# What determines FreeBSD compatibility with a mainboard's chipset/northbridge ?



## lbc (Nov 3, 2012)

I've been wanting to get an parity-checking (ECC) memory-compatible mainboard to get the most out of ZFS's integrity-preserving design [1] for use on a home file server. I started by looking at well-known manufacturer Supermicro.
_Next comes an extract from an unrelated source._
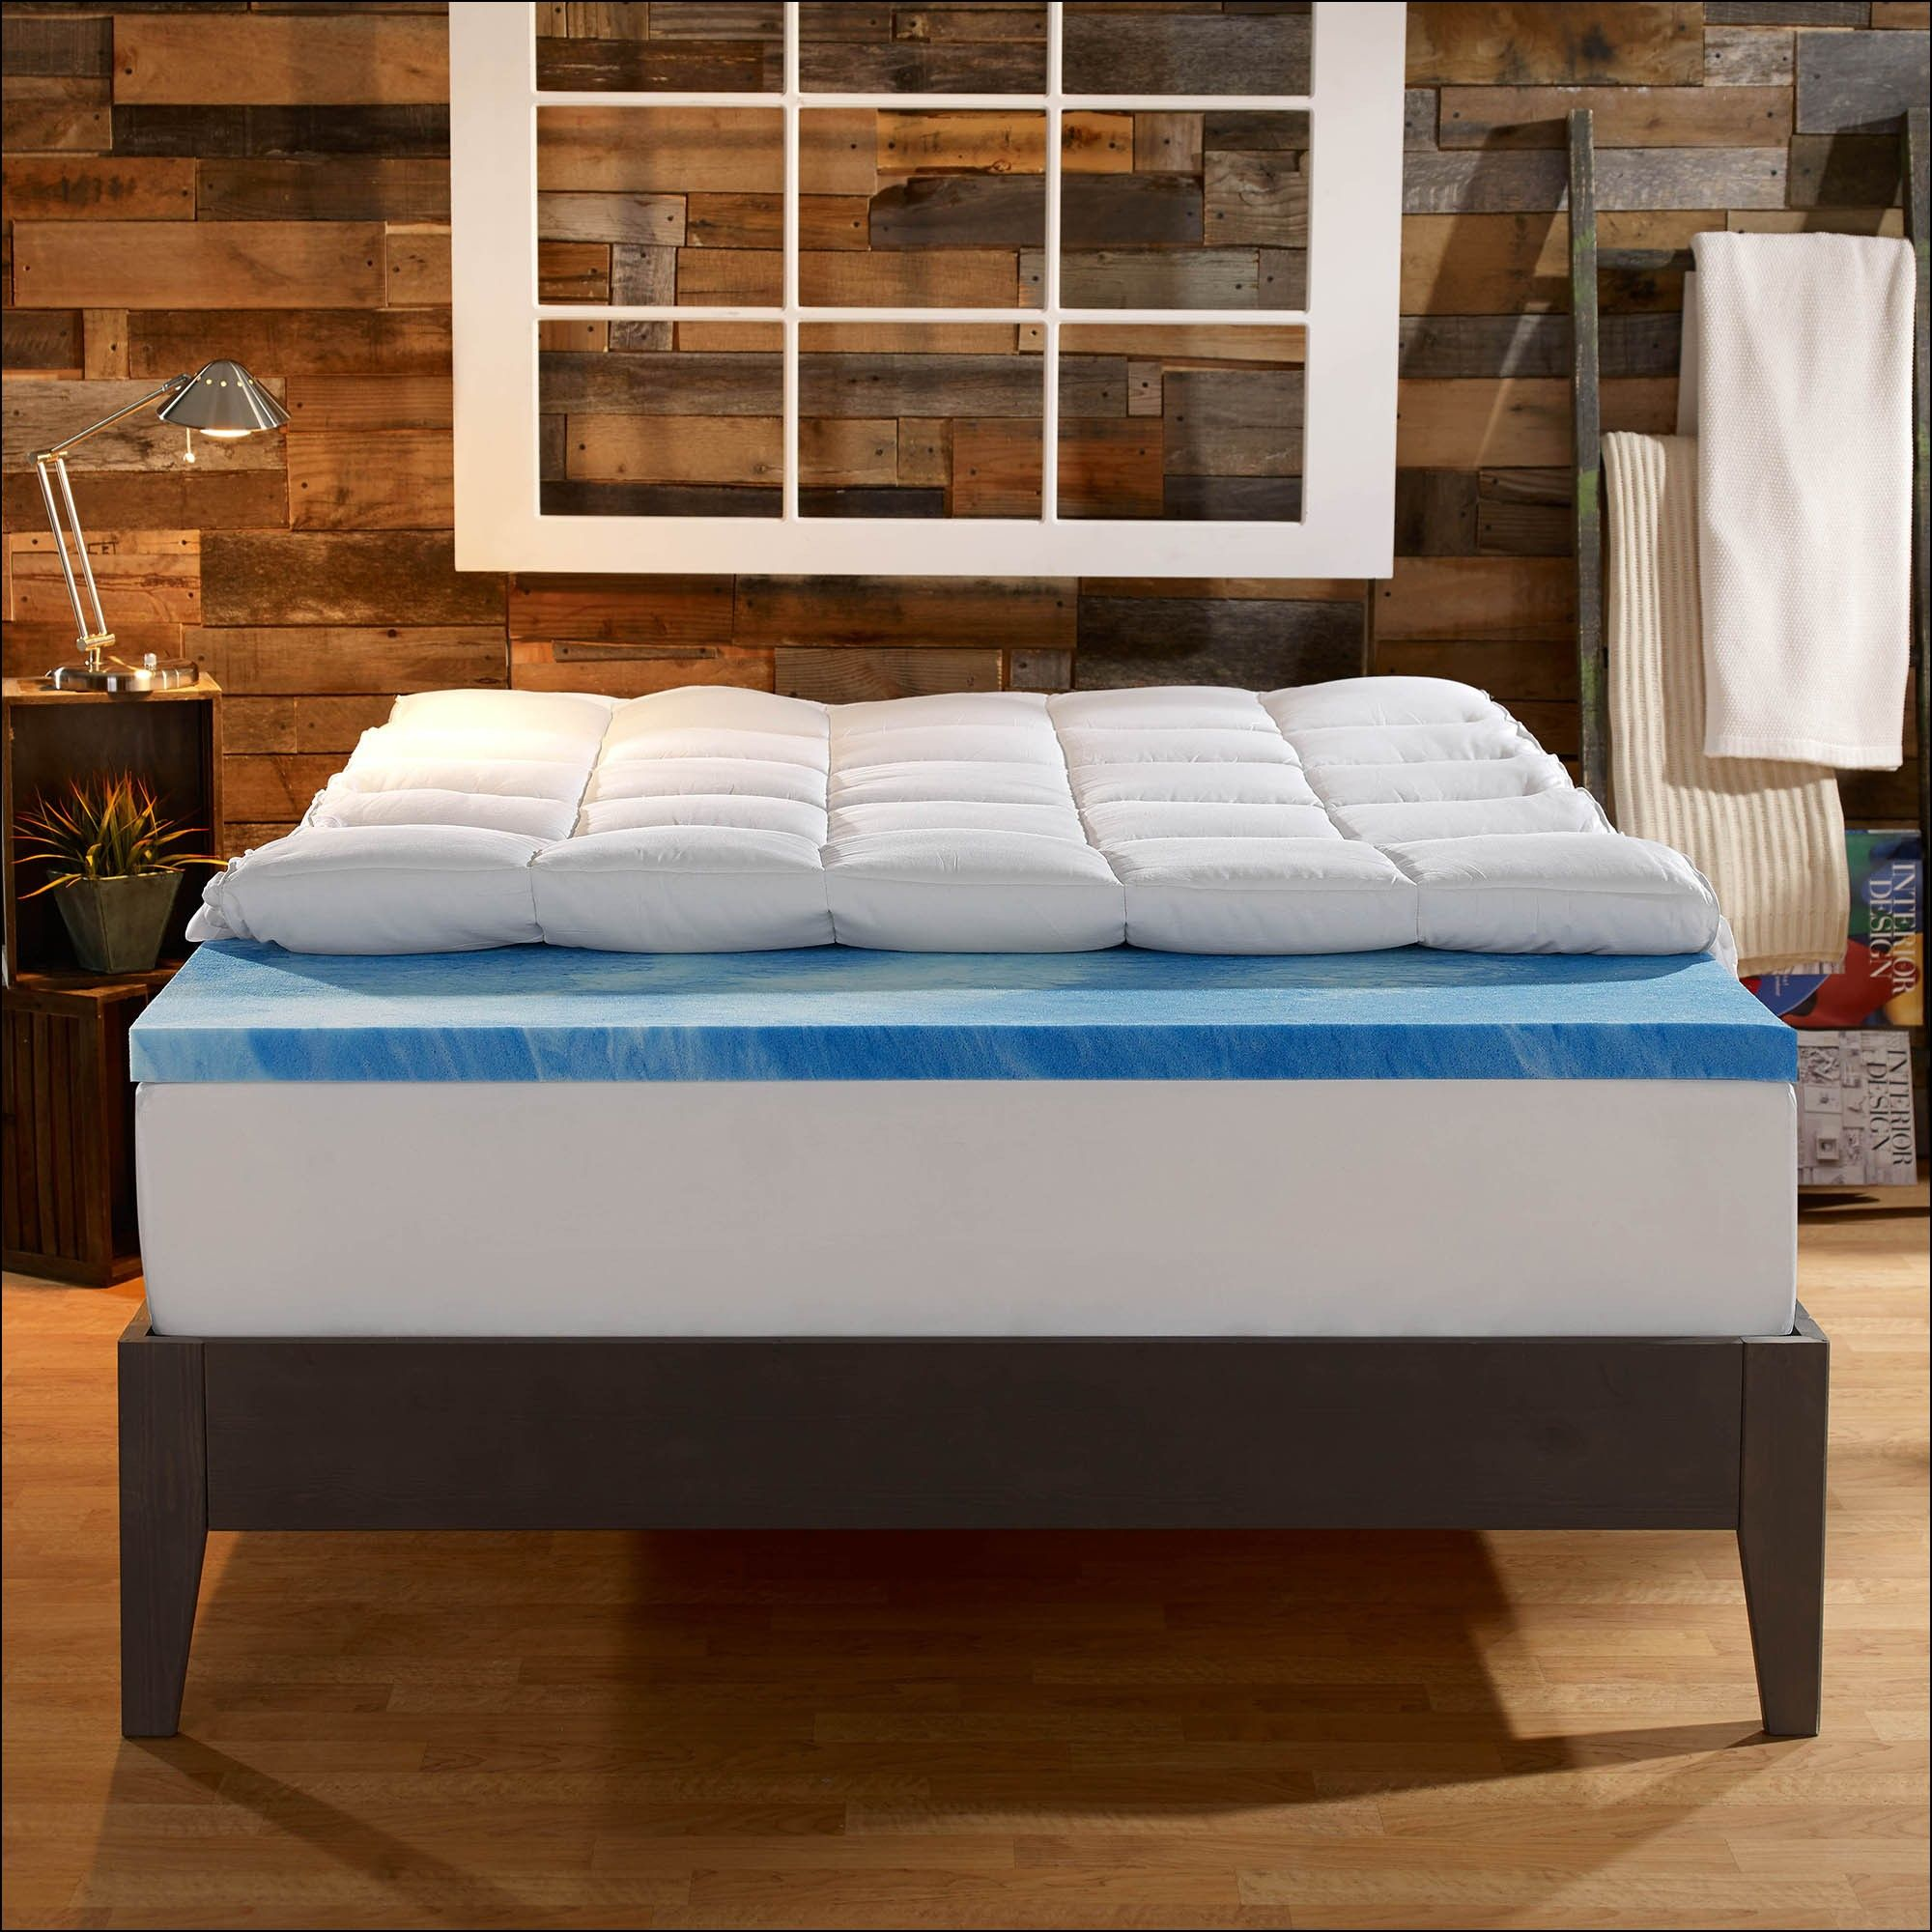 memory foam mattress topper twin xl 4 inch Memory Foam Mattress topper Twin Xl 4 Inch | Mattress Ideas  memory foam mattress topper twin xl 4 inch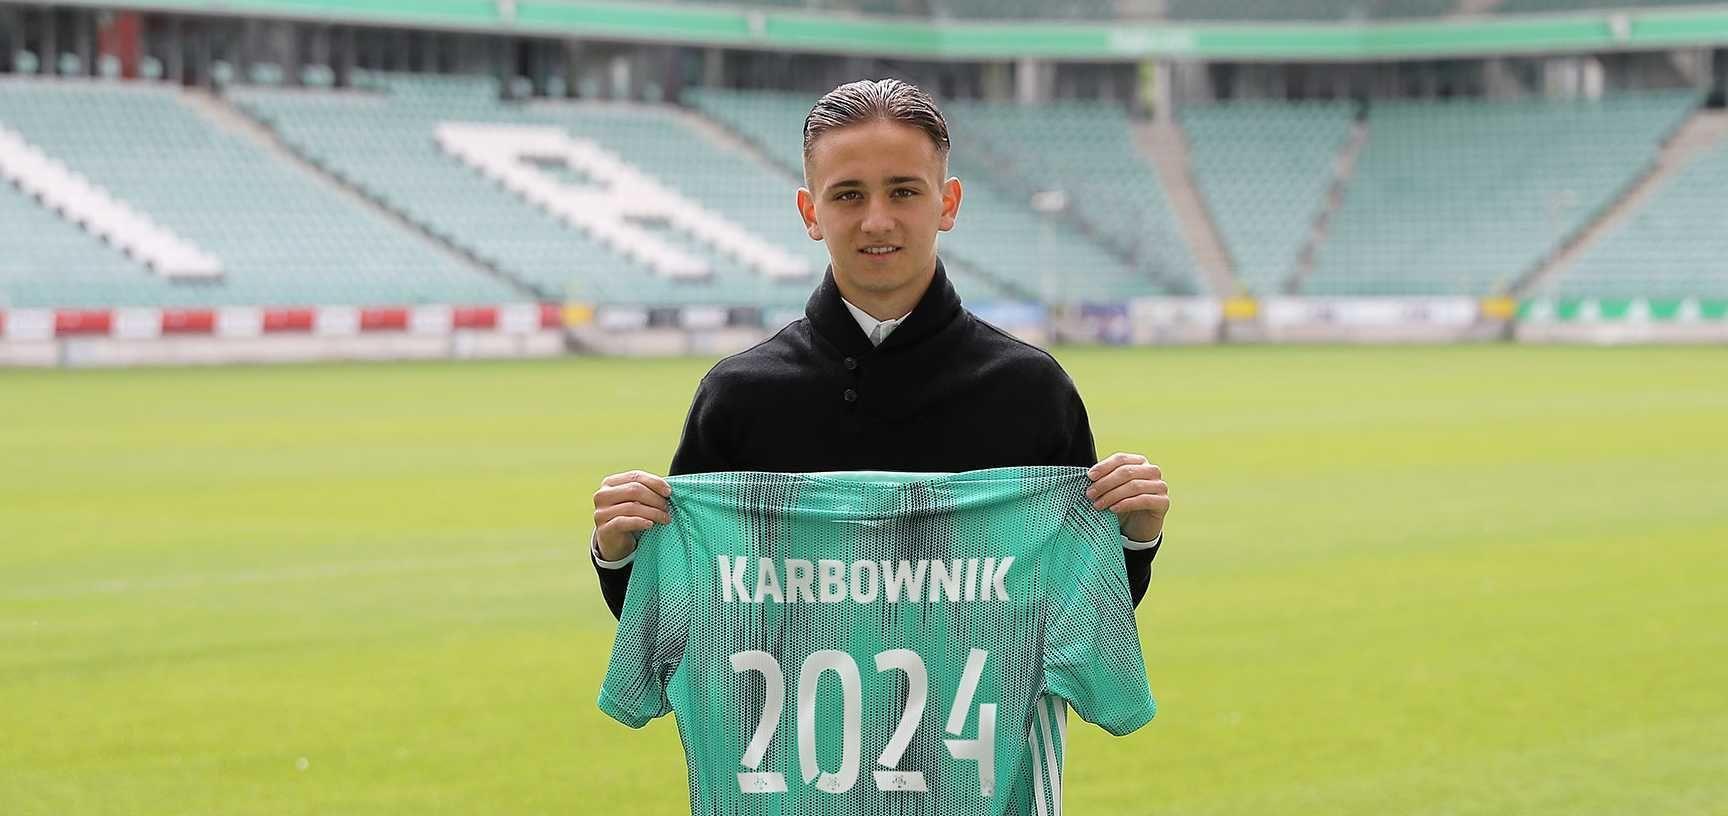 Michał Karbownik 2024!

It seems have the choice of several Intel northbridges, and even a couple ones made for AMD CPUs. [2]

Is there a reason to think some of them might work less reliably than others, or that some might show quirky, or plain-unsupported behavior ?

Is it possible to say if one would be on a safer side buying a 3-to-5 year old chipset (expecting better driver support in FreeBSD, but at the cost of performance), or have some recent chipsets better developer attention, that has resulted in those becoming the safer purchase ?


Chipsets themselves aren't mentionned in the Handbook's Hardware Notes ; could it be that they don't pose any driver development challenge of their own, and that compatibility and performance boil down exclusively to supporting the leaf devices attached to a southbridge, (disk controllers, NICs...) ?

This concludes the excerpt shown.